Exercise: Below is a block of entries; repeat exactly the lines starting at the line that contains "ATP安特卫普站 穆雷轻松晋级" and ending at the line that contains "Tiguan Allspace Luxury", both included.

Exercise data:
--- --- ---
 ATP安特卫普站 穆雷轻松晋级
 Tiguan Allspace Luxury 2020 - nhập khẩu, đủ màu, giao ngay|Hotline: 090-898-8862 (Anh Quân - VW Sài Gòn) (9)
--- --- ---
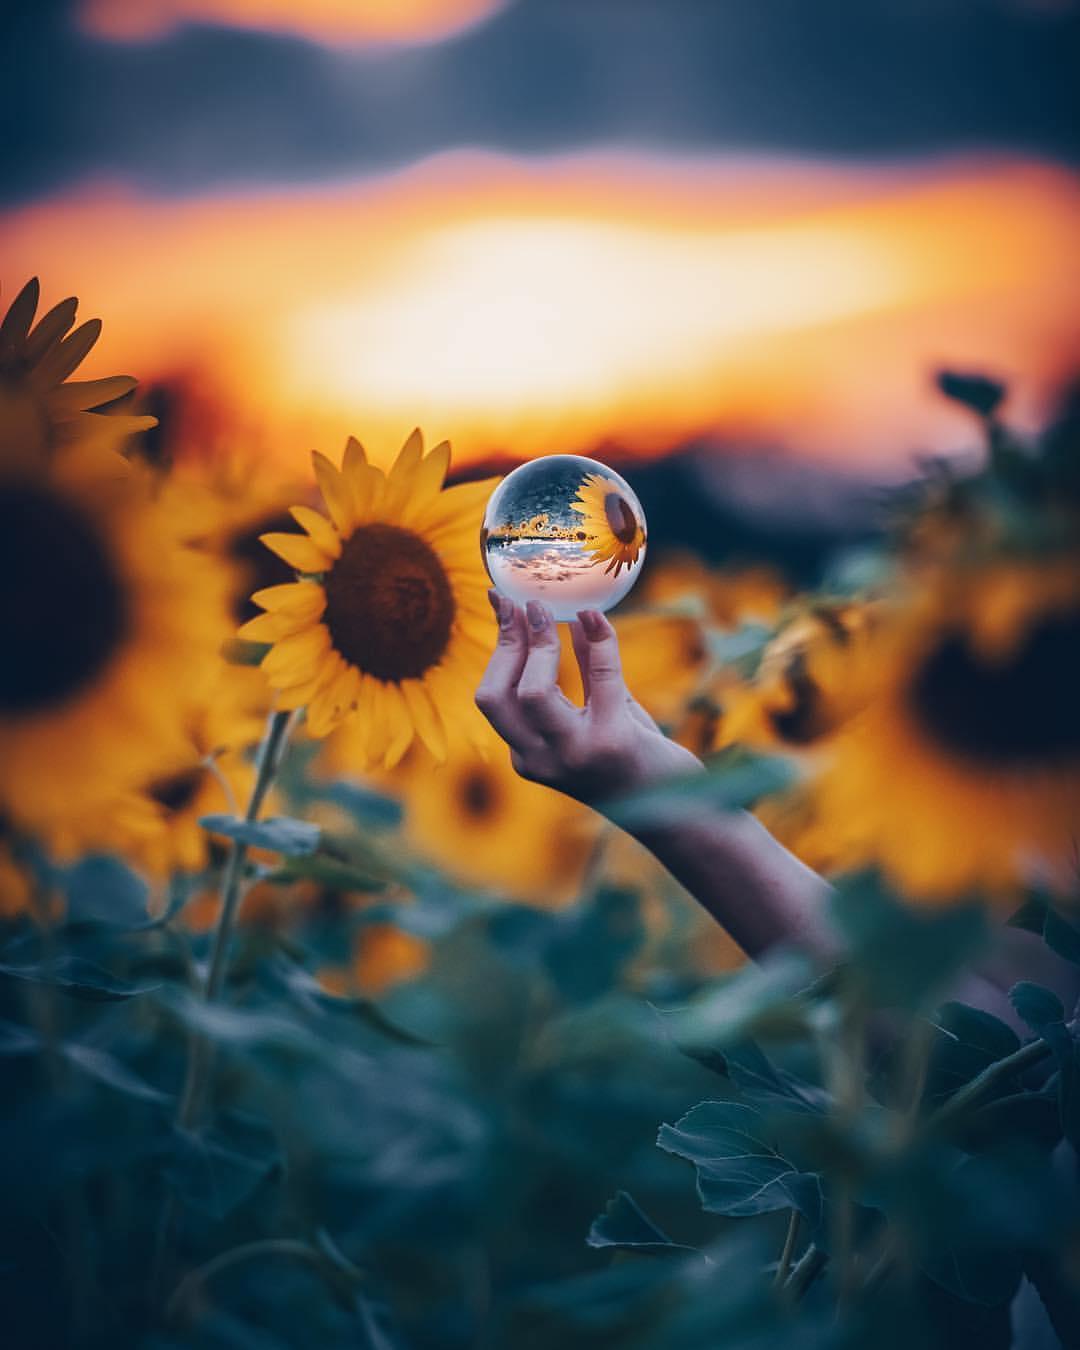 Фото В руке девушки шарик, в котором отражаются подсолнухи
--- --- ---
Result:
 ATP安特卫普站 穆雷轻松晋级
 Tiguan Allspace Luxury 2020 - nhập khẩu, đủ màu, giao ngay|Hotline: 090-898-8862 (Anh Quân - VW Sài Gòn) (9)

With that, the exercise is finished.